8.2 Intermediate Extensions
- Add momentum dump event simulation.
8.3 Advanced Extensions
- Design LQR controller and compare to PID.
9. Real-World Connections
9.1 Industry Applications
- Reaction wheel control in Earth observation satellites.
- Attitude stabilization in scientific missions.
9.2 Related Open Source Projects
- cFS attitude control examples.
- Orekit attitude dynamics modules.
9.3 Interview Relevance
- Demonstrates control theory applied to real systems.
10. Resources
10.1 Essential Reading
- Wertz, Spacecraft Attitude Determination and Control.
- Astrom & Murray, Feedback Systems.
10.2 Video Resources
- Control systems lectures (MIT OpenCourseWare).
10.3 Tools & Documentation
- numpy, matplotlib for simulation.
10.4 Related Projects in This Series
11. Self-Assessment Checklist
11.1 Understanding
- I can derive Euler’s equation for rigid body rotation.
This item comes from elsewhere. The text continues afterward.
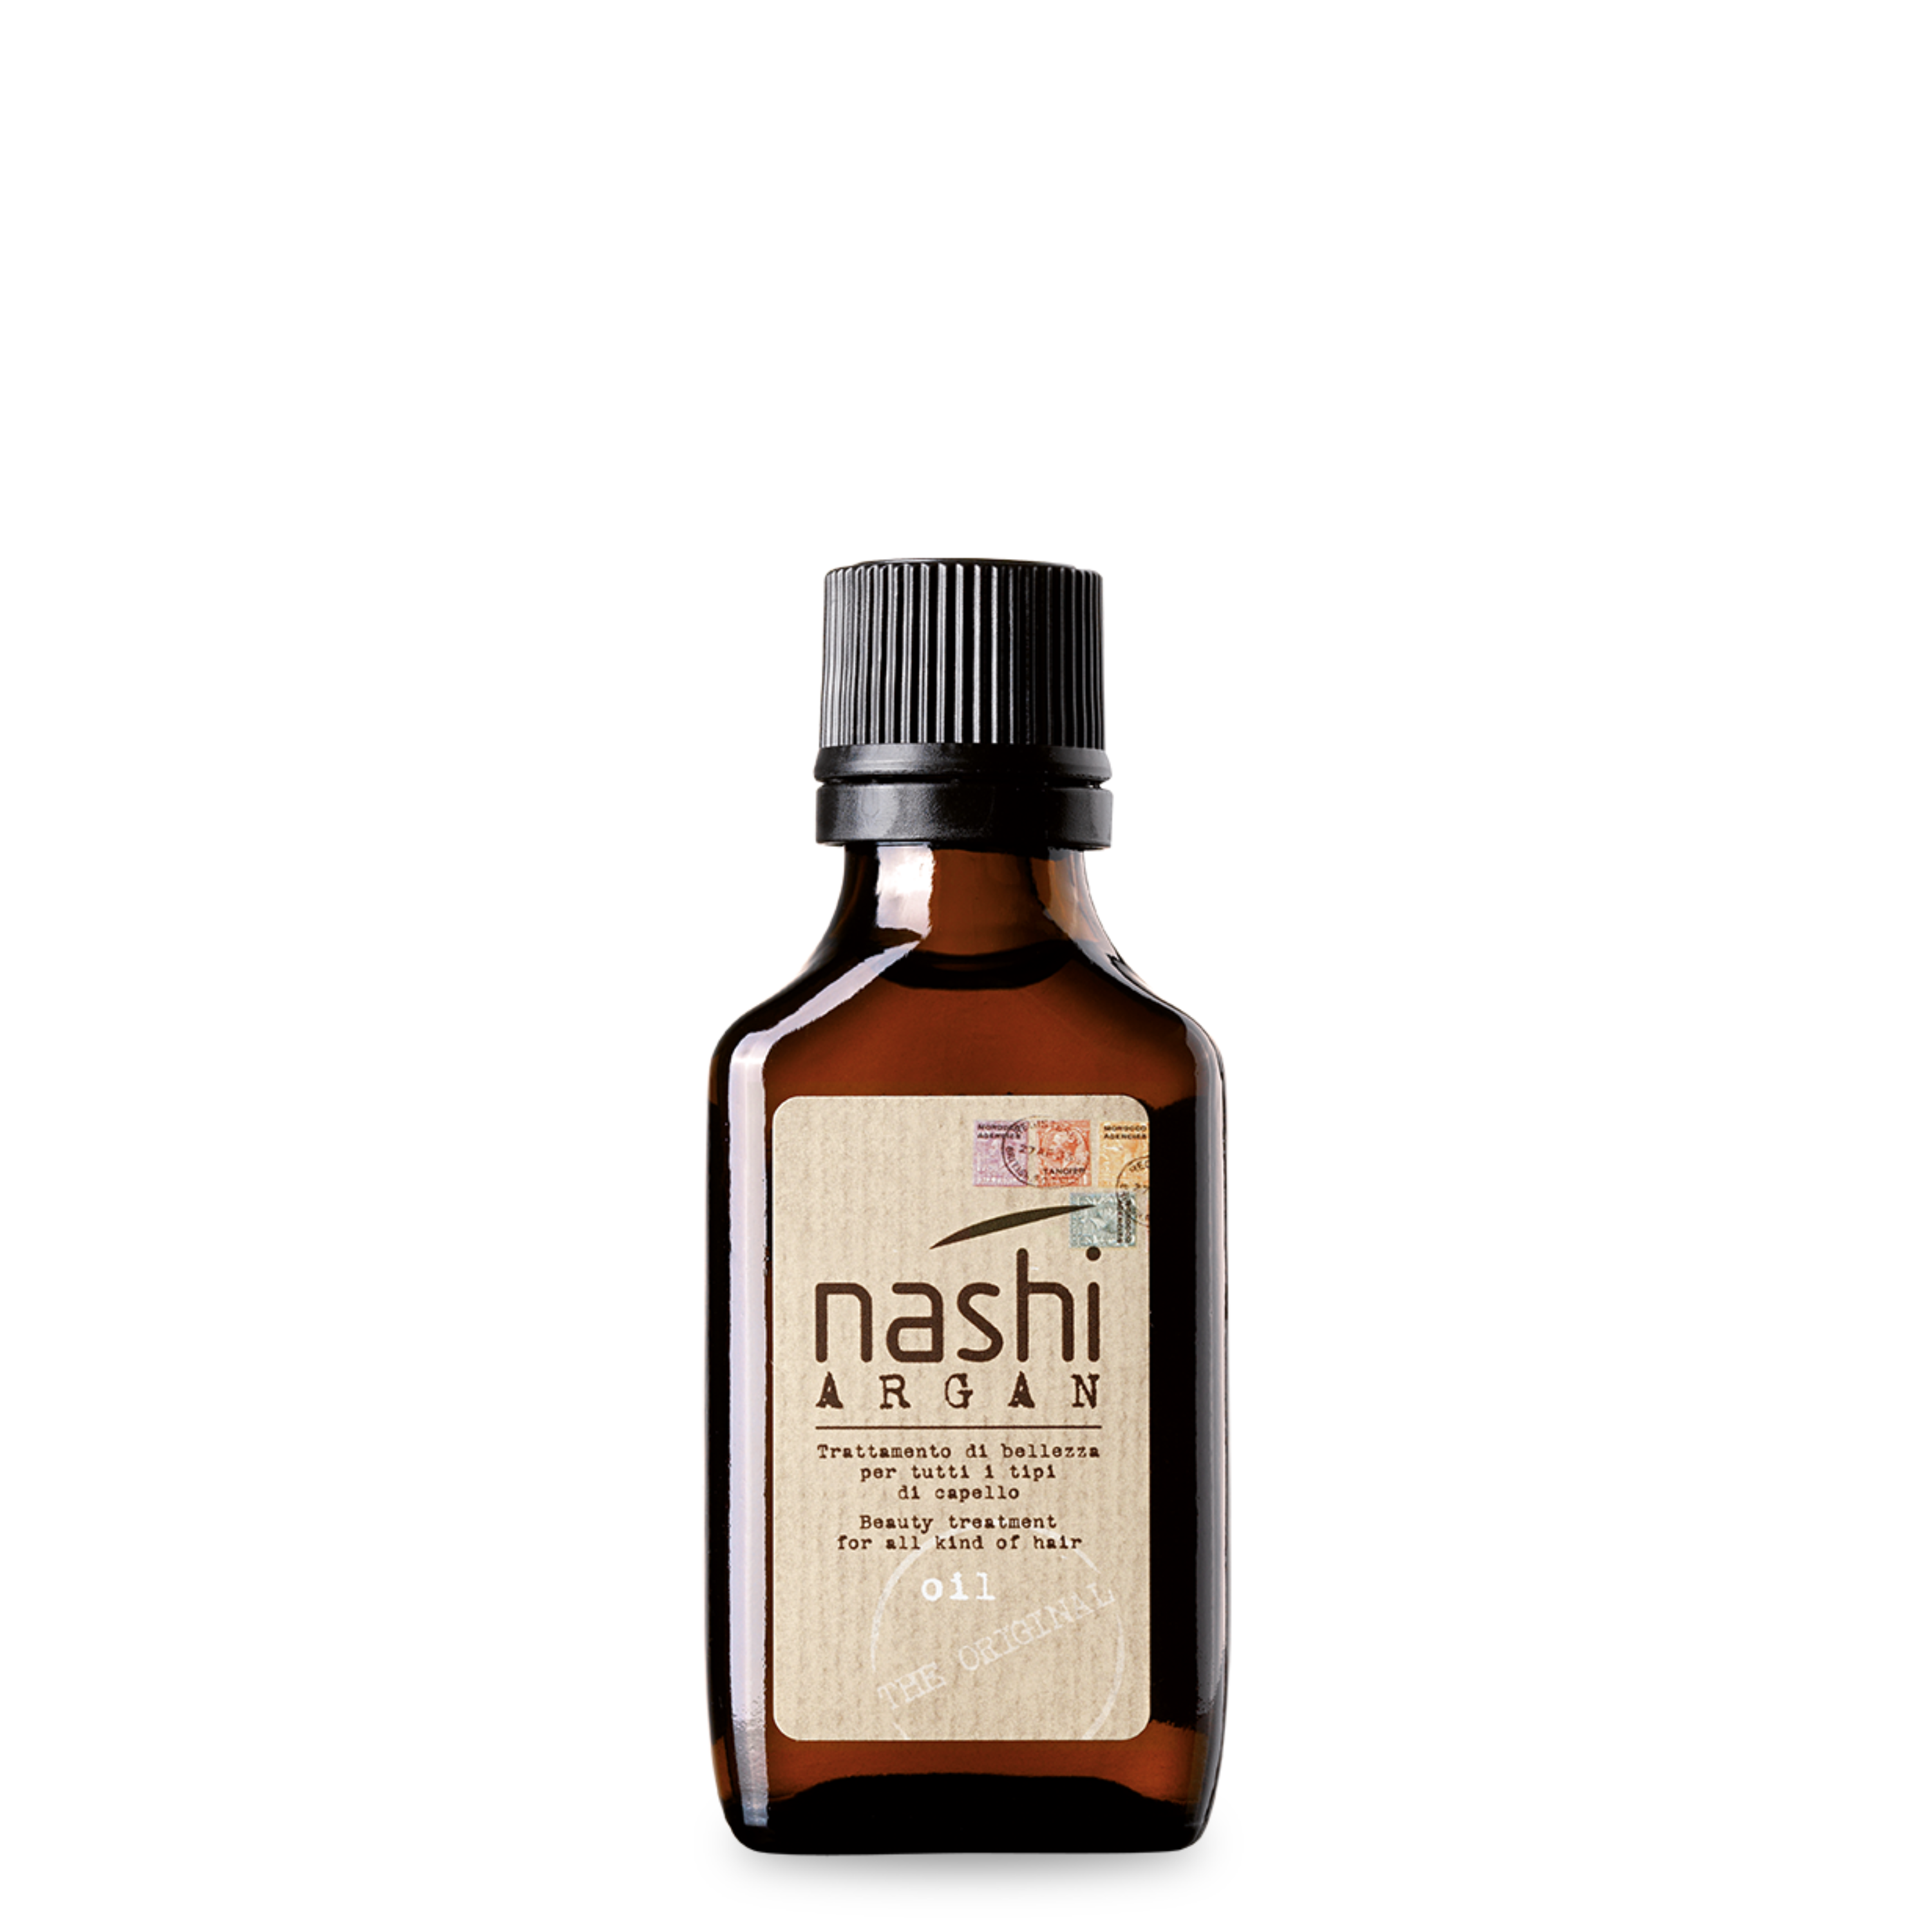 Nashi. Масло nashi Argan Oil. Nashi Argan Oil масло для волос. Nashi Argan масло косметическое. Масло для бороды Argan Oil.

- I can explain PID tuning tradeoffs.
- I can describe momentum saturation effects.
11.2 Implementation
- Controller stabilizes attitude within required time.
- Saturation and anti-windup behave correctly.
- Deterministic outputs with fixed dt.
11.3 Growth
- I can propose a momentum dumping strategy.
12. Submission / Completion Criteria
Minimum Viable Completion:
- PD controller stabilizes attitude for small steps.
Full Completion:
- PID with anti-windup and saturation handling.
Excellence (Going Above & Beyond):
- Compare PID to LQR or add momentum dump modeling.